Suivie des trois autres, elle se mit en marche en direction de son jardin d’hiver, s’installa dans son fauteuil douillet et attendit qu’on la serve. Quand ce fut fait, elle but tranquillement et soupira :
— Ah, j’en avais besoin ! Où est passée la réputation d’hospitalité des hacienderos mexicains ? Cette femme ne m’a seulement pas offert un verre d’eau…
— Ne me faites pas rire, grogna son neveu. Vous n’en auriez pas voulu ! En outre, elle a dû se demander ce que vous veniez faire chez elle ?
— Essayer d’en savoir un peu plus ! J’espérais qu’un face-à-face, sans témoins, entre…
— Grandes dames ? suggéra Aldo, caustique.

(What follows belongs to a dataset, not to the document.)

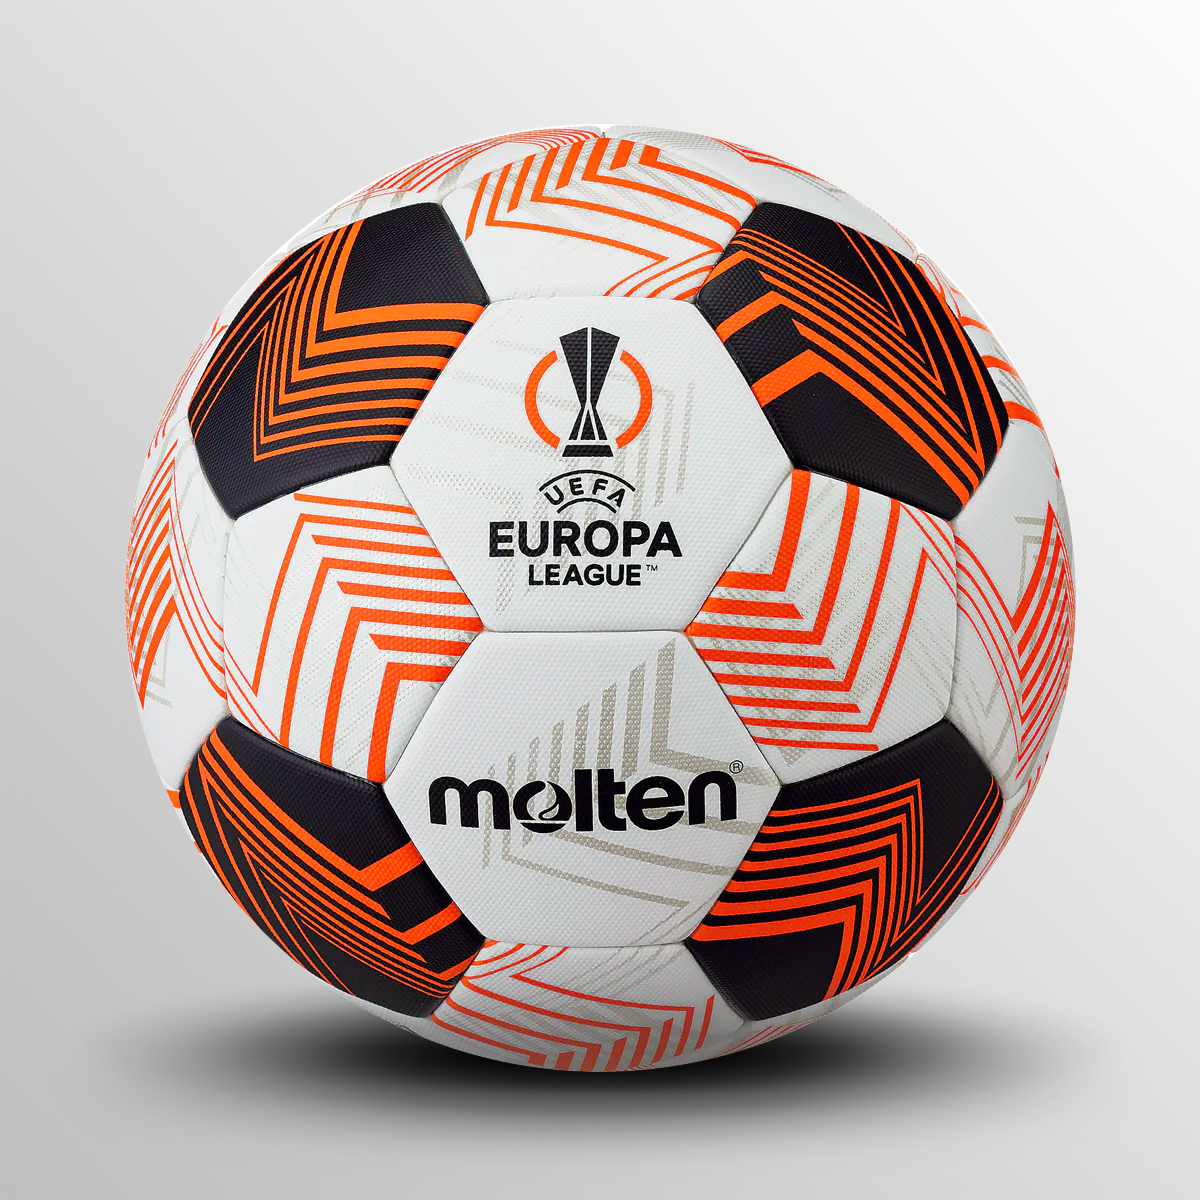 UEFA Europa League 23/24 Molten Official Match Football

— Justement ! Car c’en est une, figure-toi ! Et authentique, j’en ai la certitude… même si son style n’a rien à voir avec l’idée qu’en Europe nous nous faisons de l’espèce. D’ailleurs, si elle porte un grand nom espagnol, je jurerais qu’il y a en elle du sang de Montezuma ou je ne sais quel empereur aztèque. Elle m’a dit qu’elle et les siens descendaient du soleil et elle se réfère davantage « aux dieux » qu’à Notre-Seigneur Jésus-Christ ! À présent, prenez un verre, asseyez-vous et écoutez-moi. Tiens, débarrasse-moi de ça ! ajouta-t-elle en tendant à son neveu le billet déplié. Romuald vient de me le remettre. Tu peux dire adieu à tes Guardi !
— Une grande dame, hein ?
— Cela ne change rien. Je la vois mal jouer les déménageurs !
— Et vous n’avez vu qu’elle ?
— Elle seule. Et Romuald ! Vous m’écoutez, oui ou non ?
— Oui ! Excusez-moi.
Le récit fut bref, concis. À l’instar de Morosini, Mme de Sommières savait raconter sans fioritures inutiles. Pourtant, elle ne put s’empêcher de revenir sur la personnalité de Luisa de Vargas. Peut-être parce qu’elle ne doutait pas un seul instant qu’elle lui eût dit la vérité. Qu’elle fût brutale, cassante, aucun doute là-dessus mais, à cause de ce tempérament abrupt, elle devait juger indigne d’elle de déguiser si peu que ce soit sa façon de voir les choses… Aldo l’observait. Il lui en fit la remarque :
— Ma parole, elle vous a séduite ?
— Pas le moins du monde ! Ce qu’elle m’inspire, c’est un certain… respect. Je la crois à la poursuite d’un rêve et sans doute prête à tout pour le réaliser. À condition qu’il soit encore possible !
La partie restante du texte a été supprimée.